The lab’s goal is to discover and develop the most optimum noise and vibration profile in the truck, said officials.

Vehicle feature library

Also showcased during the Gothenburg tour was Volvo Powertrain’s new Vehicle Feature Laboratory (VFL) – which encloses a climate wind tunnel with a four-wheel-driven chassis dynamometer. The latter makes the tunnel extremely versatile, allowing it to be used for a wide variety of tests and trials.

Many of the tests that will be carried out at the VFL consist of verification and measurement of fuel consumption, cooling capacity and powertrain testing.

“We can generate wind speeds of up to 90 km/h and temperatures of between 10 and 55 Celsius, thus creating realistic preconditions in our testing operations,” said Jan Melin, manager Feature and Competitor Analyses for Volvo Trucks.

A climate model nicknamed “Mr. Lastman” is equipped with sensors that measure the climate inside the cab, supplying Volvo Trucks technicians with vital information about driver comfort, which also has a major impact on traffic safety.

The other mechanical member of staff is a – hitherto nameless – driver robot replacing the human test engineer in high-speed braking performance tests and other risky operations.

Also showcased during the press trip to Sweden was the Volvo truck and bus engine manufacturing plant and foundry in Skvde, about three hours north east of Gothenburg.

The plant, established in 1868, is where Volvo engines are poured and cast and almost completely assembled for worldwide distribution.

Volvo Powertrain’s foundry in Skvde is the largest one in northern Europe. Half of all gray cast iron in Sweden is cast in this facility, whose products primarily include cylinder blocks and cylinder heads, brake discs and flywheels. The foundry also serves as a competence centre for the Volvo Group’s engine developers, and is an active member in Svenska Gjuterifreningen (Swedish Foundry Association), which in turn is a member of WFO, World Foundrymen Organization.

The foundry won the WFO’s Environmental Award in 2002, for its development of a new casting process that reduces the environmental impact of production as well as from completed truck engines. In the new casting method, the hardening process of the molten metal is accelerated by placing the casting mould in a water-cooled steel container called a “chill mould.”

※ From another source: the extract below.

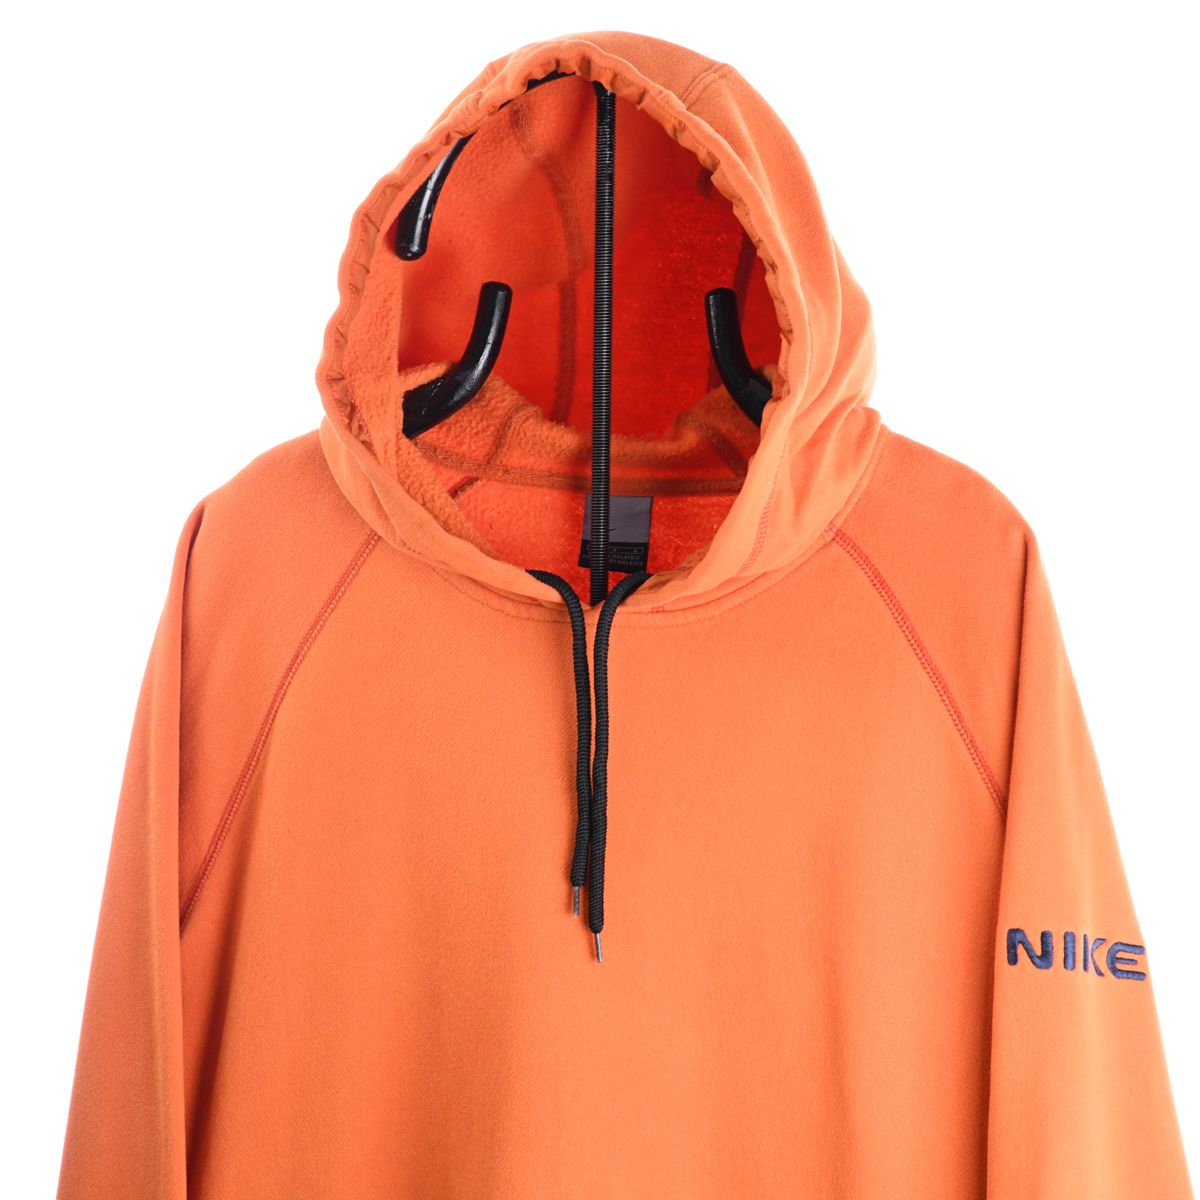 Nike Early 2000s Orange Hoodie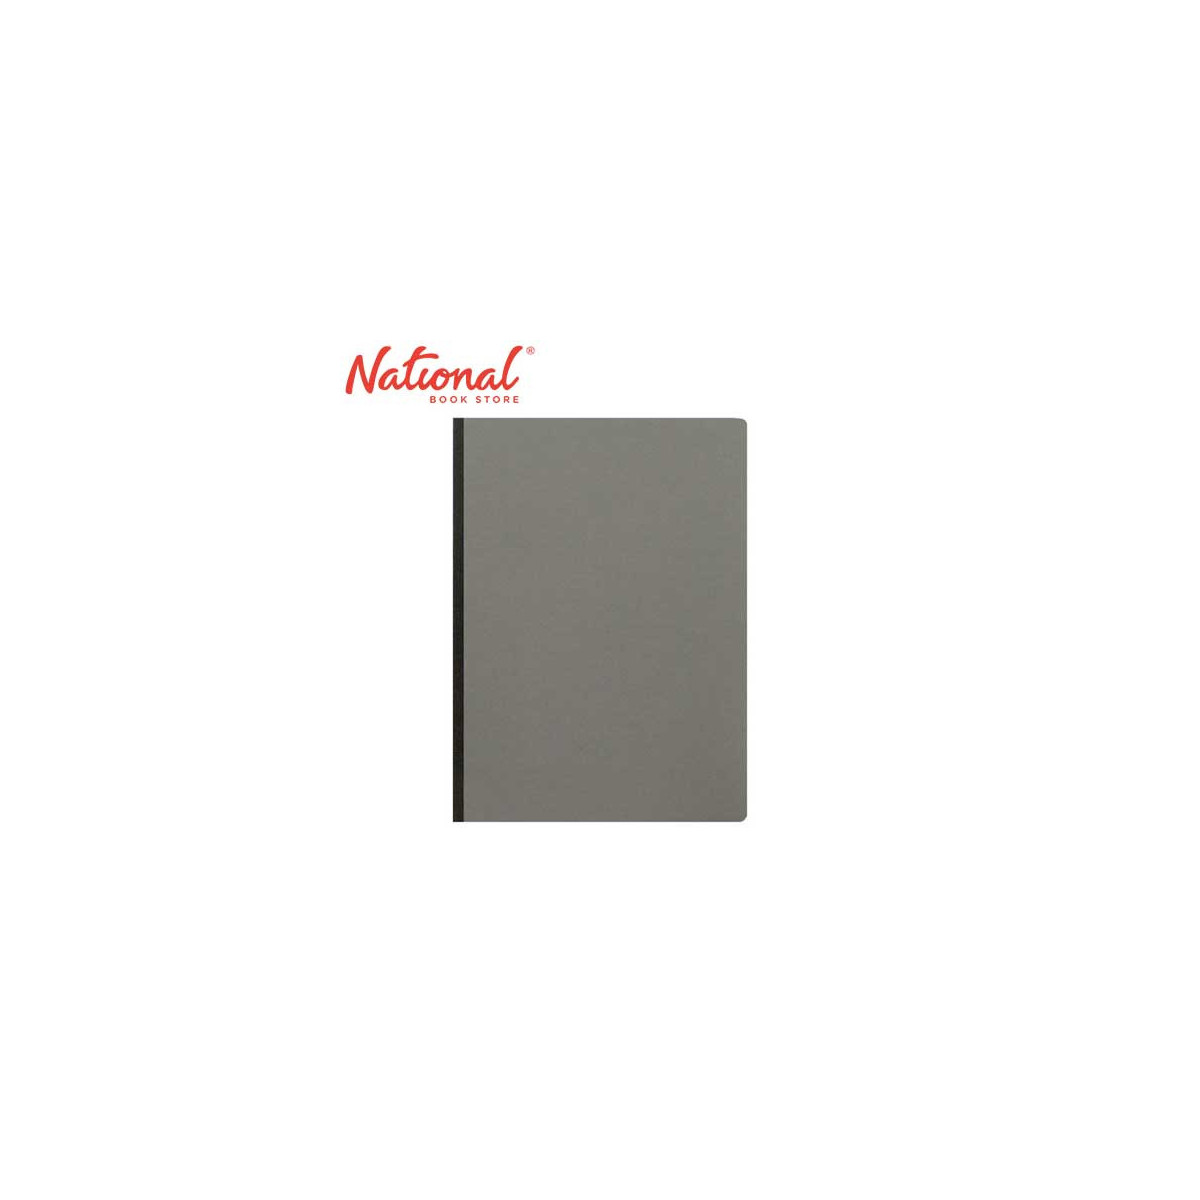 Folder Pressboard PeBoard Bookle Gray Short 2Fold Eco Friendly - Office Supplies - Filing

Approximately half of the energy used in the casting process can thereby be recycled. At the same time, the use of moulding sand is reduced, since the moulds can be made smaller.

“The FPC method enables us to save moulding sand, in some cases up to 70 per cent, depending on the casting. The new method also gives us the technical capacity to eventually reduce the risk of odours in the area around the foundry,” said Christer Davidsson, head of Volvo Powertrain’s foundry in Skvde, and the man who has been part of the work in implementing this patented process. Casting with the FPC method (Future Process for Casting) makes it possible to raise the quality of the castings, while reducing the weight of the cast components.

“This, in turn, results in lower fuel consumption and reduced emissions, which naturally also strengthens Volvo’s competitiveness,” added Davidsson.

The FPC method is currently being used to cast the cylinder heads for Volvo’s 9-litre engines and for some of the 12-litre engines.

Also of interest is the fact that 97 per cent of the raw material used in the casting process consists of scrap iron. Casting sand is also used at least 10 times before it is disposed of. (In traditional casting, approximately 0.5-kg raw sand is consumed per kilo of casting, compared with 0.15-kg in the FPC method.)

A considerable amount of energy is conserved by using the new method. The recycled energy from casting one single cylinder head is sufficient, for example, to heat 400 litres of water from the freezing point to the boiling point.

The conservationist technology was brought in at the Skvde foundry in late 1999.

Capacity is currently 6,000 tonnes per year, but officials said it will increase.